Thank you for your reply. Its honestly been something I have been trying to figure out in my head.I think that I am realizing I can't just throw it away. I have done the same thing where I buy packs, and then after a couple days I get so psyched out that I throw all of them away (only having taken out one or two diapers). Then I would stay away for a while before getting the courage up to do it again, and then just cycling. I have always had a thing in my head of "I like this and it gives me pleasure... it must be a sin to enjoy it" because that is kind of how most churches treat teenagers, especially any sort of form of sexual expression/desires/ pleasure. And the chances of me ever bringing it up to family or pastors is absolutely zero.
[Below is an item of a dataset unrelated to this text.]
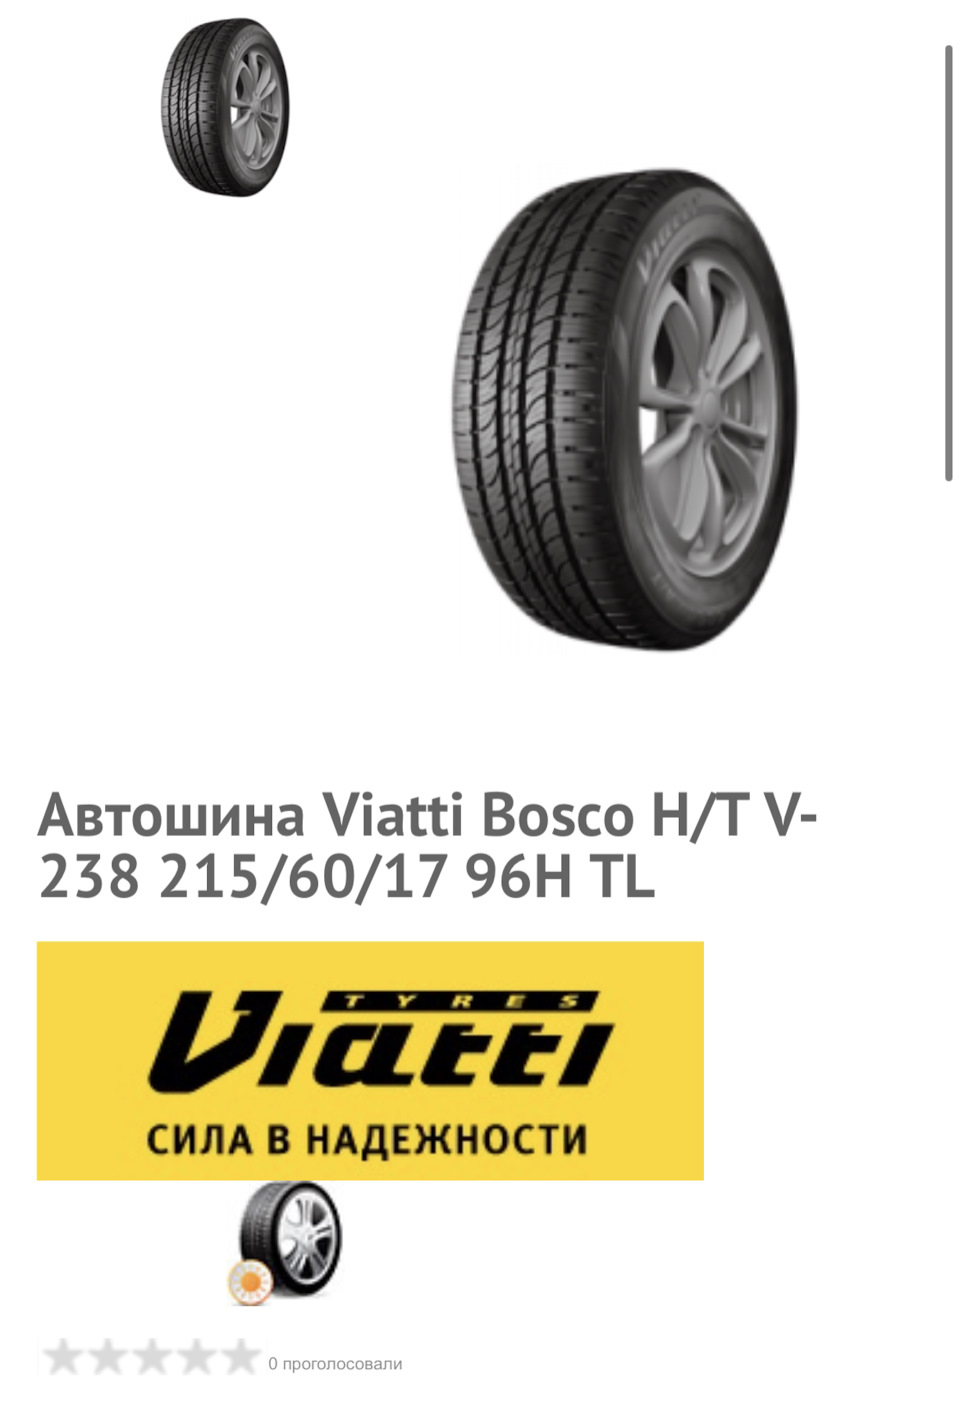 Viatti v 238 bosco h t отзывы. Viatti Bosco h/t (v-238). Viatti Bosco h/t v-238 квронаклейка. Вес покрышки r17. Летние шины 215/60 r17 рифленые.

So I have always kept it to myself trying to figure out what in the world is going on in my head. Only recently have I begun to re-examine it.
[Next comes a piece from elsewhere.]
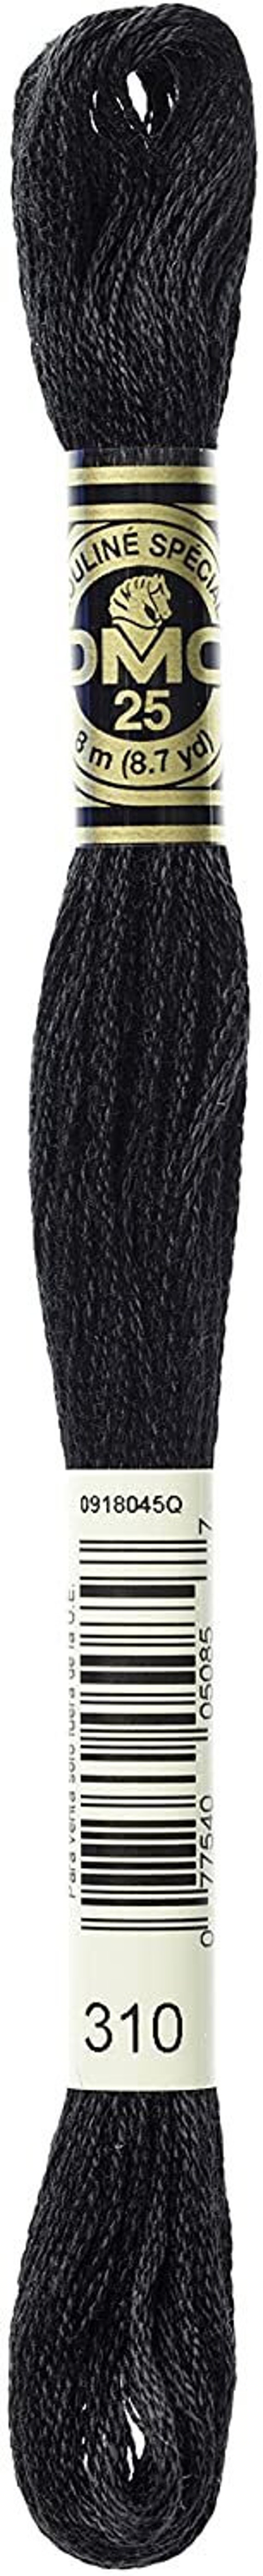 DMC 6-Strand Embroidery Cotton Floss Black 117-310

The point at which I'm at is this: This may be a part of me. I do not know where it came from. I never chose it. But somehow, through the way my life developed and progressed, this trait developed in me. I have tried my very best to control it and disown it. I have been at the point where I actively fight against it. But all that does is cause pain, tiredness, and shame. Fighting it has not worked. So maybe fighting it isn't the answer. (Theology warning) If God has been in control all my life, which I know He has, and I believe He made me the person I am, then why be ashamed. I didnt choose it. One parallel I have found is this. Going by one of the stories in the bible, the very beginning, Adam and Eve. Did God make them to feel shame? No. They were completely naked and perfectly fine. But once they came under the influence of the snake, that is when they felt shame for who they were. So God comes back, He looks for them, and they are hiding.They say they are ashamed because the naked. God replys "Who told you that you were naked?"
In a sense, He was asking "Where did this shame come from? I made you to be you."
Coming back to me, where did the shame come from? I think, the world, not God. So I do not think it is a sin.
I think my struggle is overcoming that shame, because it is a strong sense of shame. So Accepting it as a part of me seems to be the next step.